This article offers an excellent selection of diagrams for New Year's garlands and other electronic toys for the New Year's interior, based on the principles of autonomous and economical power supply, as well as the simplicity and reliability of assembling amateur radio structures.
LEDs of various types are used as the main radio component emitting light in all garland circuits. First of all, this allows you to significantly reduce the consumption of the battery source, as well as achieve unique and unpredictable New Year's pictures on a magical night.

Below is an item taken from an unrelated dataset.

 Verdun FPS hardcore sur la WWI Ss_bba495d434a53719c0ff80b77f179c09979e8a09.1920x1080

Children are very fond of interesting and unusual things, especially flashing lights, so to the delight of the little ones, I suggest assembling a fairly simple version of the mini garland scheme. A printed circuit board in the popular amateur radio format Sprint Layout is attached in the archive above.

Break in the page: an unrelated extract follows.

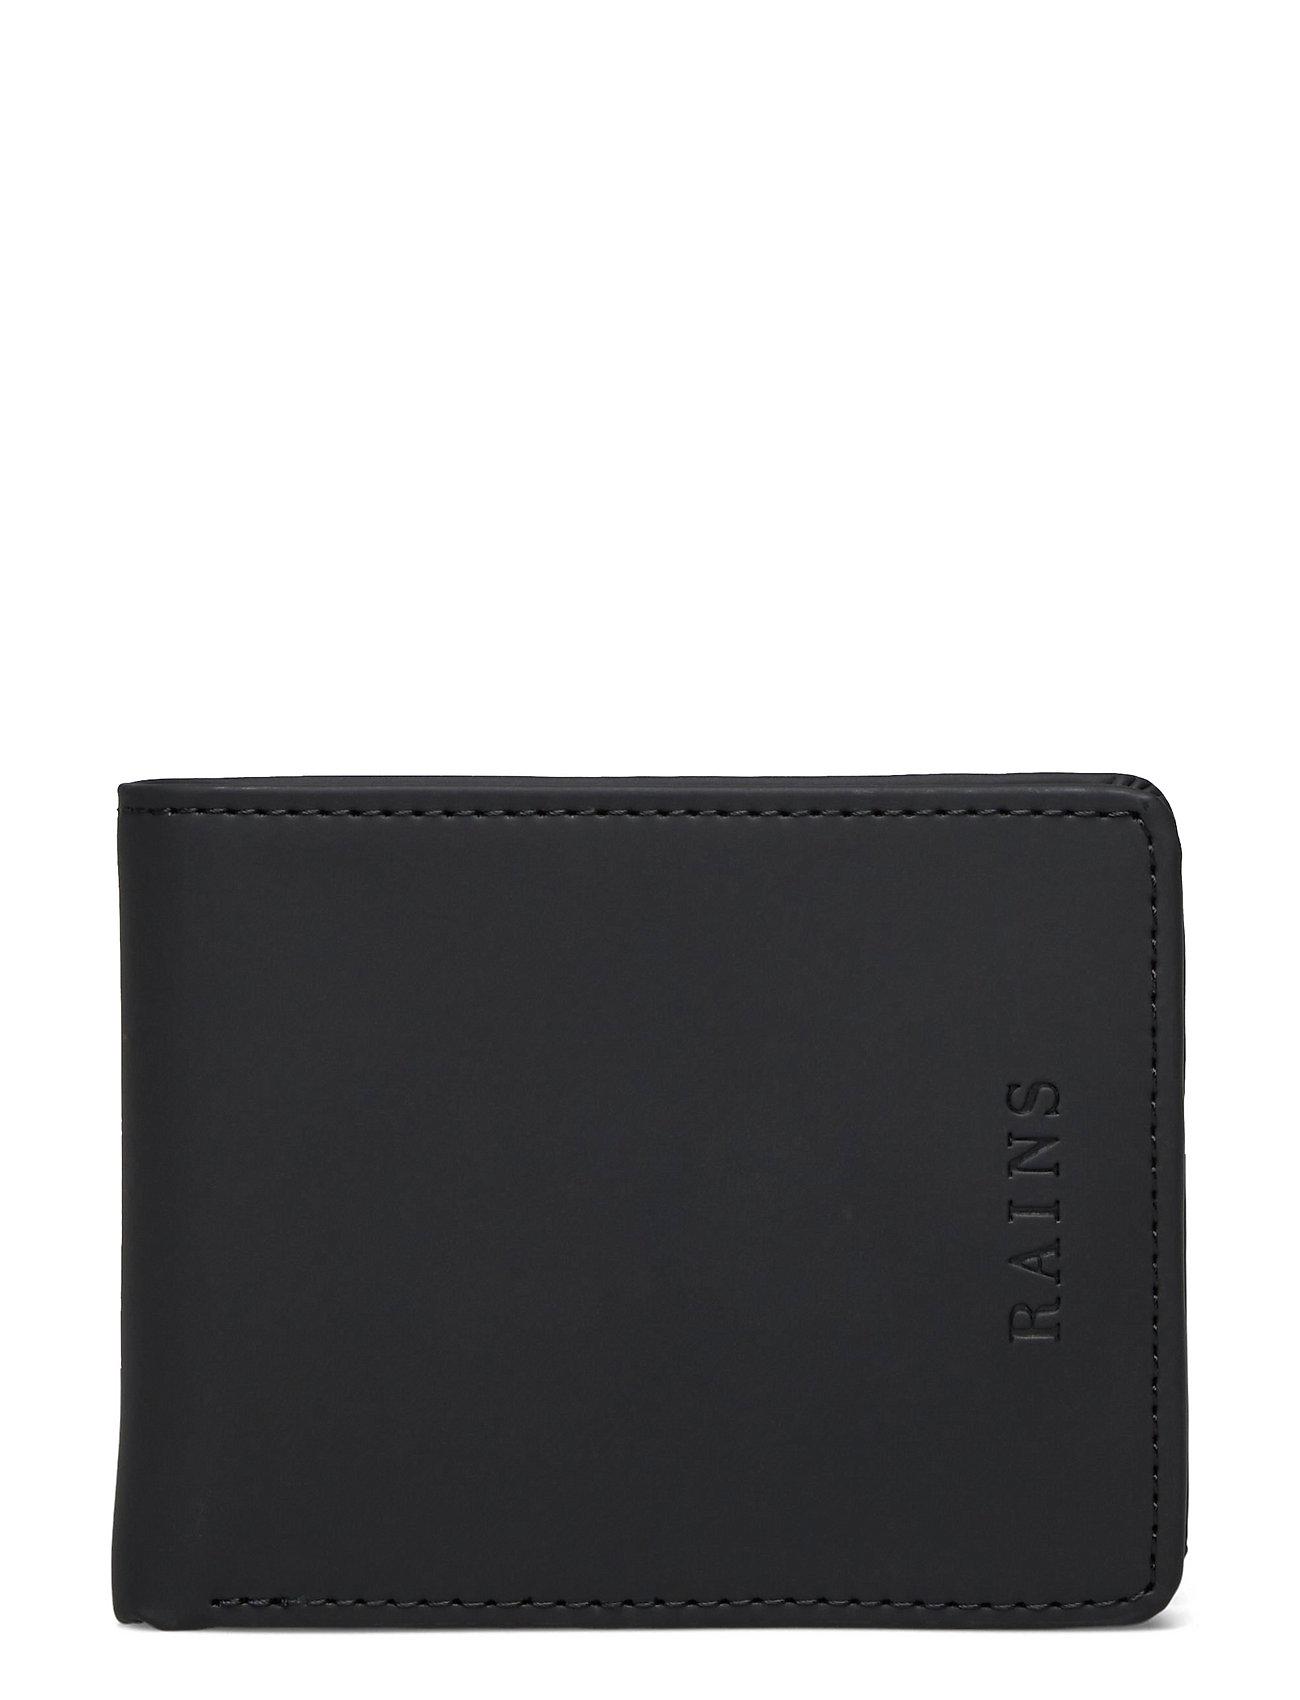 Folded Wallet Accessories Wallets Cardholder Sort Rains

The circuit consists of a clock pulse generator on a domestic digital chip DD1 type K155LA3, the “power” part is made of bipolar transistors VT1-VT4, you can use almost any n-p-n structures, even KT315, if you still have them of course. An LED load and “switches” on logic elements DD2-DD4 with RC circuits R5C2, R7C3 between them are connected to the Transistors to set the turn-on delay time of the three output semiconductors.
In general, “children's joy” works as follows: Pulses follow from the generator to DD1.2, then opens VT2, then C2 is charged and as soon as the voltage on it reaches the level of logical unit “1”, then the output of element DD1.3 will also be unit that opens VT3. With DD1.4 the work is similar. The switching frequency is adjusted by selecting C1. As a result, a feeling of running lights appears.

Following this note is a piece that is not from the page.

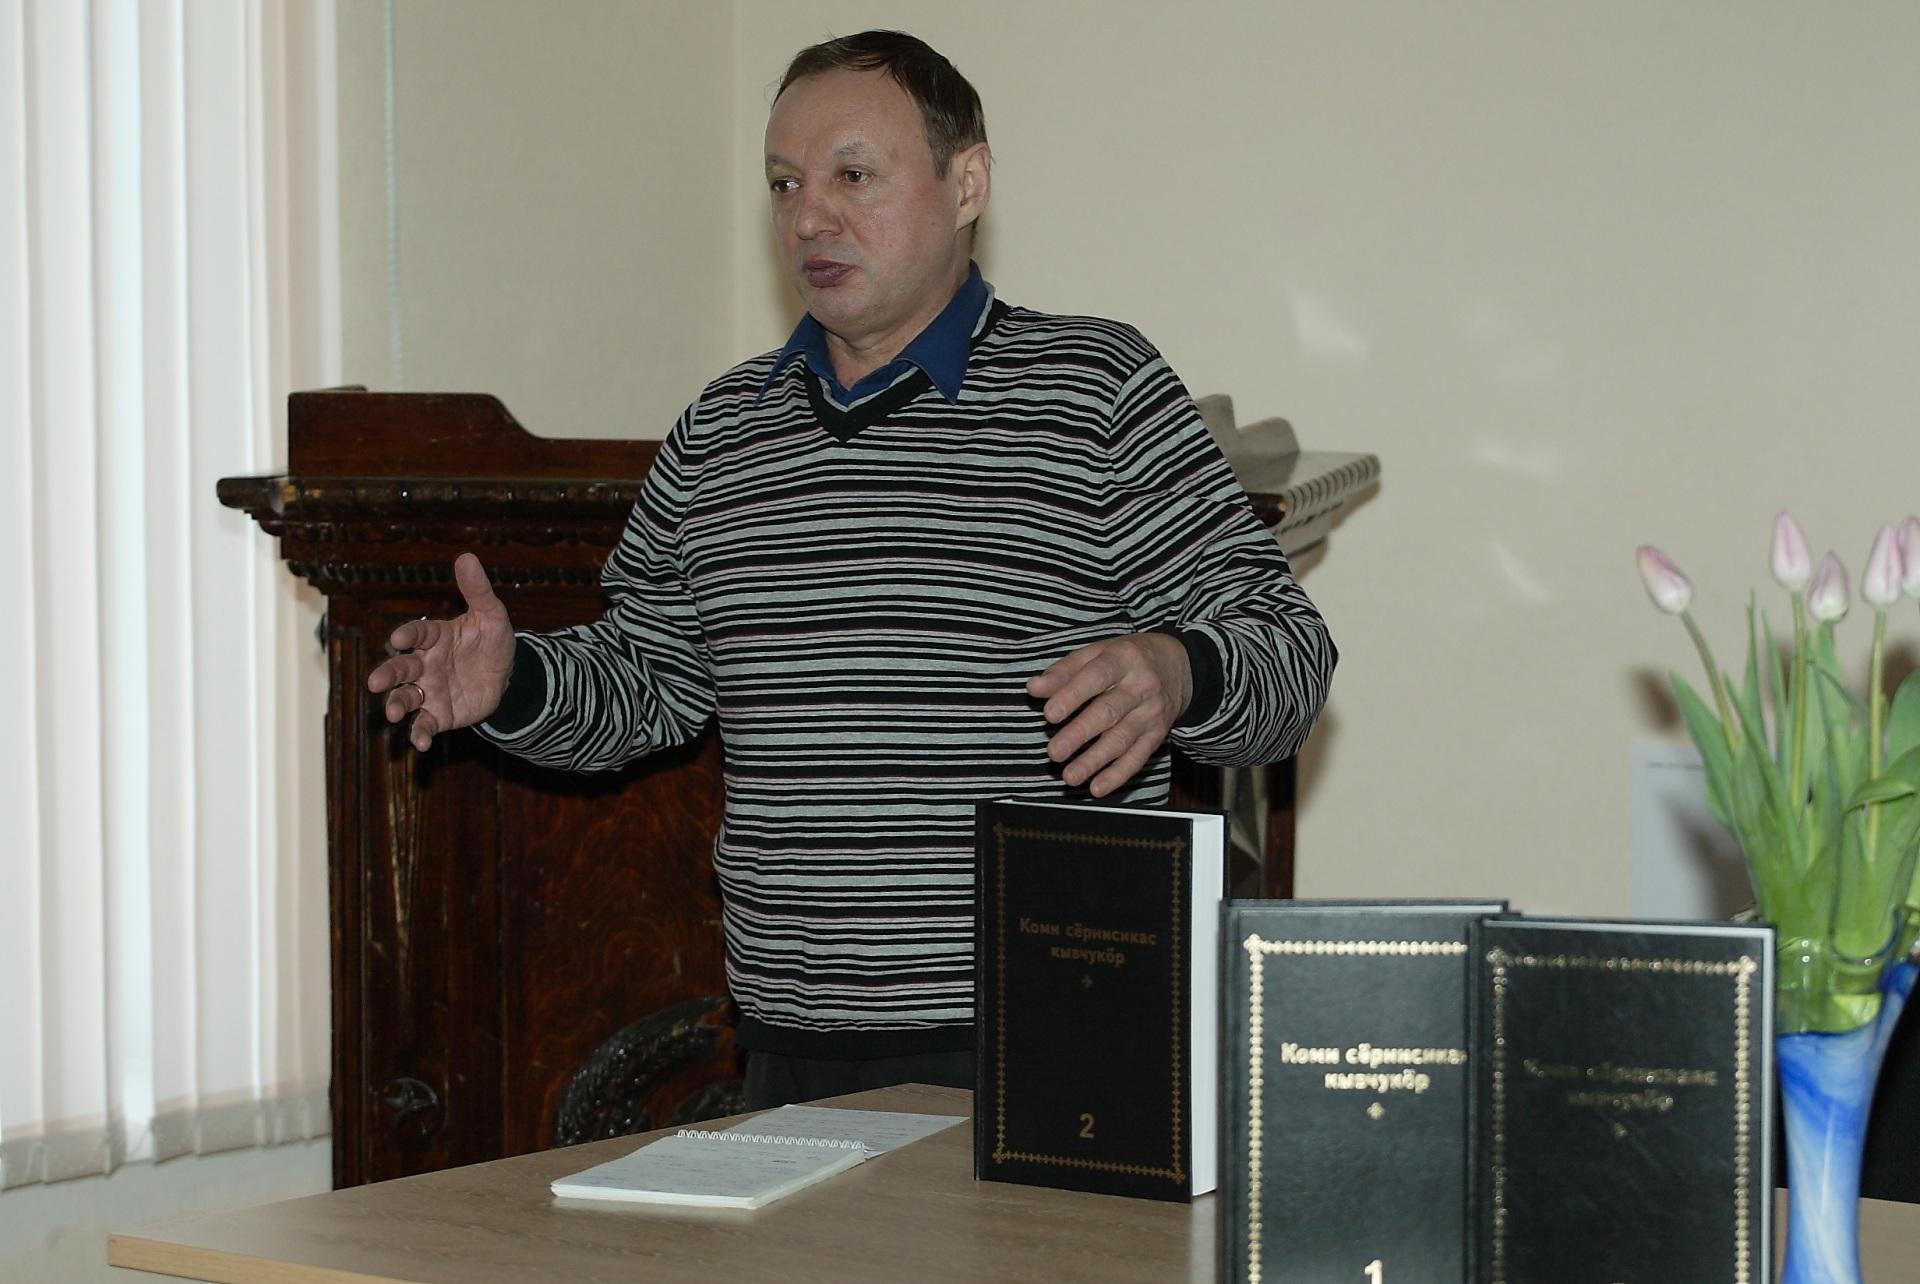 12---Na-prezentazii-dialektologicheskogo-slovarya-doktor-nauk-Zypanov-E.A..JPG

I bring to the attention of readers diagram of a simple New Year's flasher, which can be originally made in the shape of a cross as a souvenir for the Easter or Christmas holidays. The shape of the flasher can be easily changed and used as an element of illuminated advertising.
The schematic diagram is shown in the figure. The LEDs are arranged in the shape of a cross, the circuit is made using the K561LA7 microcircuit. A rectangular pulse generator with a frequency of about 1 Hz is assembled on elements DD1.1, DD1.2, C1, R1, the transistor switch VT1 provides the necessary current for the HL1 LEDs. . . HL10, capacitor C2 is necessary if you need a smooth increase and decrease in the brightness of the LEDs - this is more pleasing to the eye. The resistance of resistors R3... R6 is selected (270-620 Ohms) so that the LED glow level is the same. Switch SA1 can be used to turn the display off or on in continuous lighting mode.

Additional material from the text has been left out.